Kamb's charges of pretexting come on the heels of HP's highly publicized scandal in which executives have been charged with spying on board members and their families, along with members of the media, during an investigation into a boardroom media leak. HP's investigators have been charged with impersonating people to illicitly obtain their personal phone records -- a tactic now widely known as pretexting.

The scheme was part of an overall intelligence operation that involved embedding "tracers" in e-mails sent to the press, making up phony personas to mislead and spy on reporters, falsifying documents and conducting physical surveillance.

This past September, chairman of the board Patricia Dunn resigned after being criticized for her knowledge of and participation in the investigation.

Last week, California state prosecutors offered to drop felony charges as part of a plea deal with Dunn and four other defendants. Authorities were seeking a single guilty plea on one misdemeanor charge that would eliminate all felony charges, according to an attorney involved.

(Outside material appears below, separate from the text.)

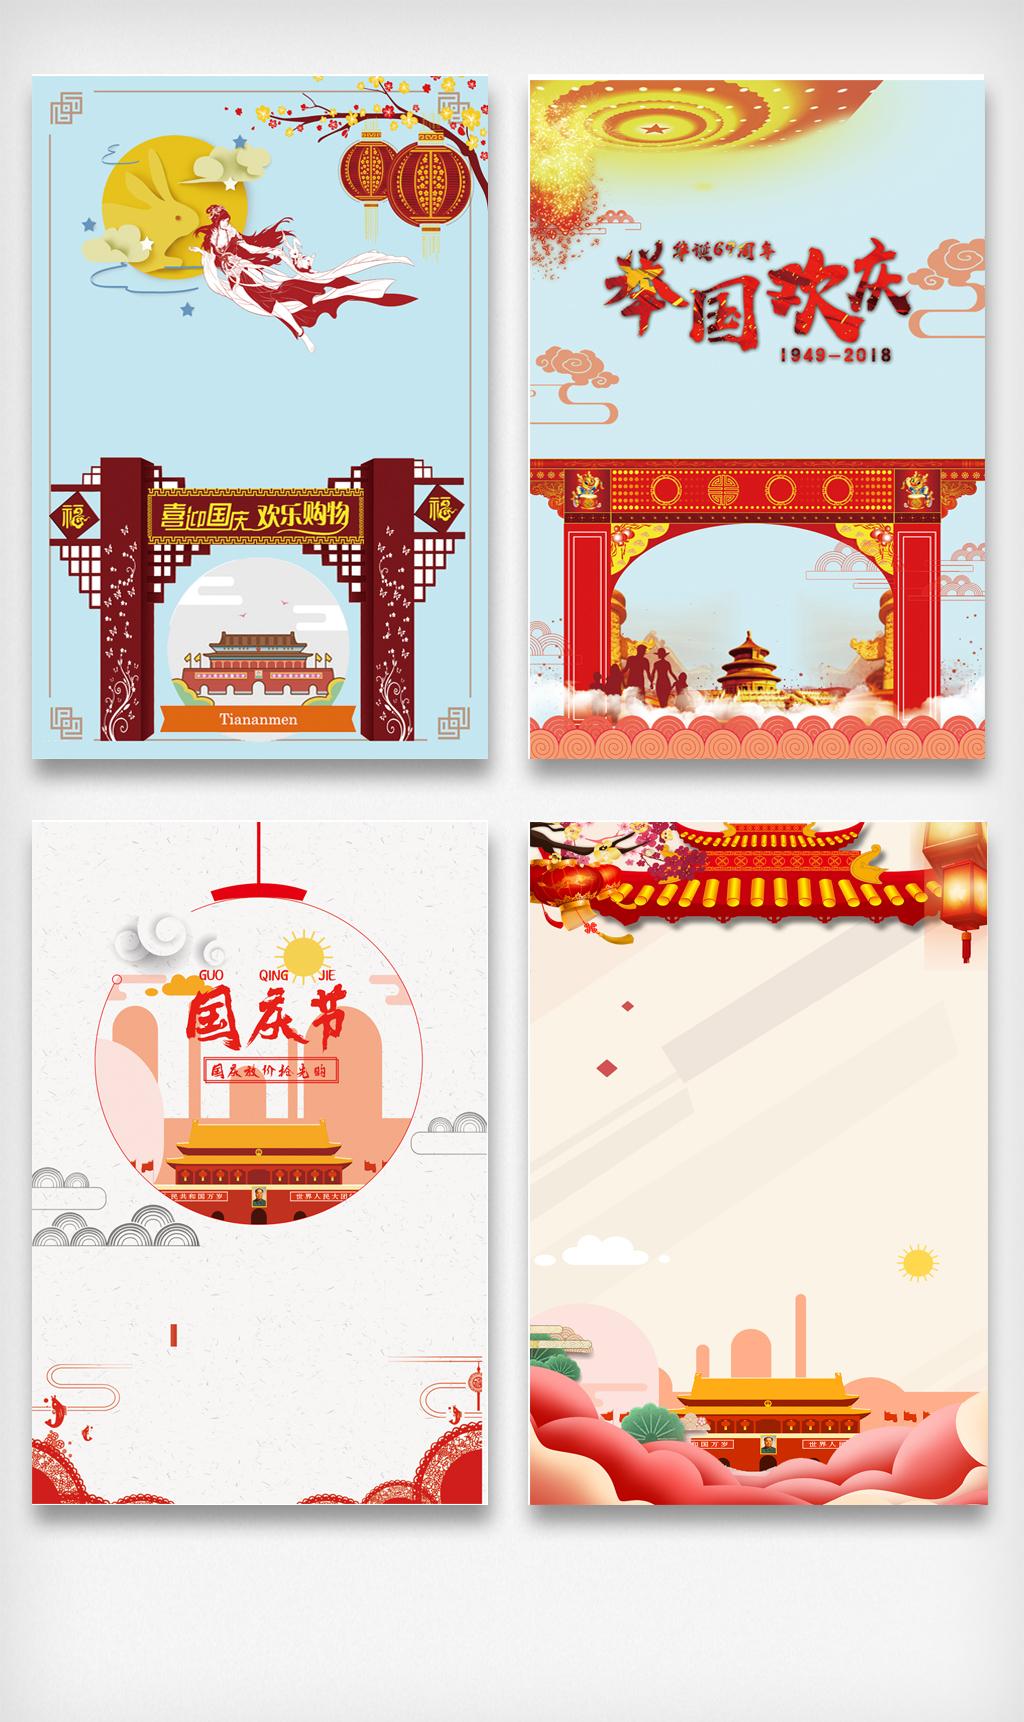 简洁中国风手绘中秋国庆海报背景元素

The week before, a Colorado private investigator pleaded guilty to identity theft and conspiracy charges, the first conviction arising from the HP board-room leak scandal, said a representative from the U.S. Department of Justice.

Kamb's claims against HP don't stop at pretexting, however. The former executive alleges that HP instructed him to spy on its rival, Dell. He says that around 2002, HP became concerned about Dell's presence in the printer business. HP hired Katsumi Iizuka, a former president of Dell Japan, so they could obtain information on Dell's plans for the lucrative printer business, claims Kamb. He adds that HP offered Iizuka a monthly stipend to act as a "competitive analyst" and even gave the project the code name "Dinner Inc." with special code names for Dell (Everest) as well as code names for other printer companies.

Outside of its prepared statement, HP declined to discuss any of Kamb's claims that the company asked him to monitor Dell's printer business.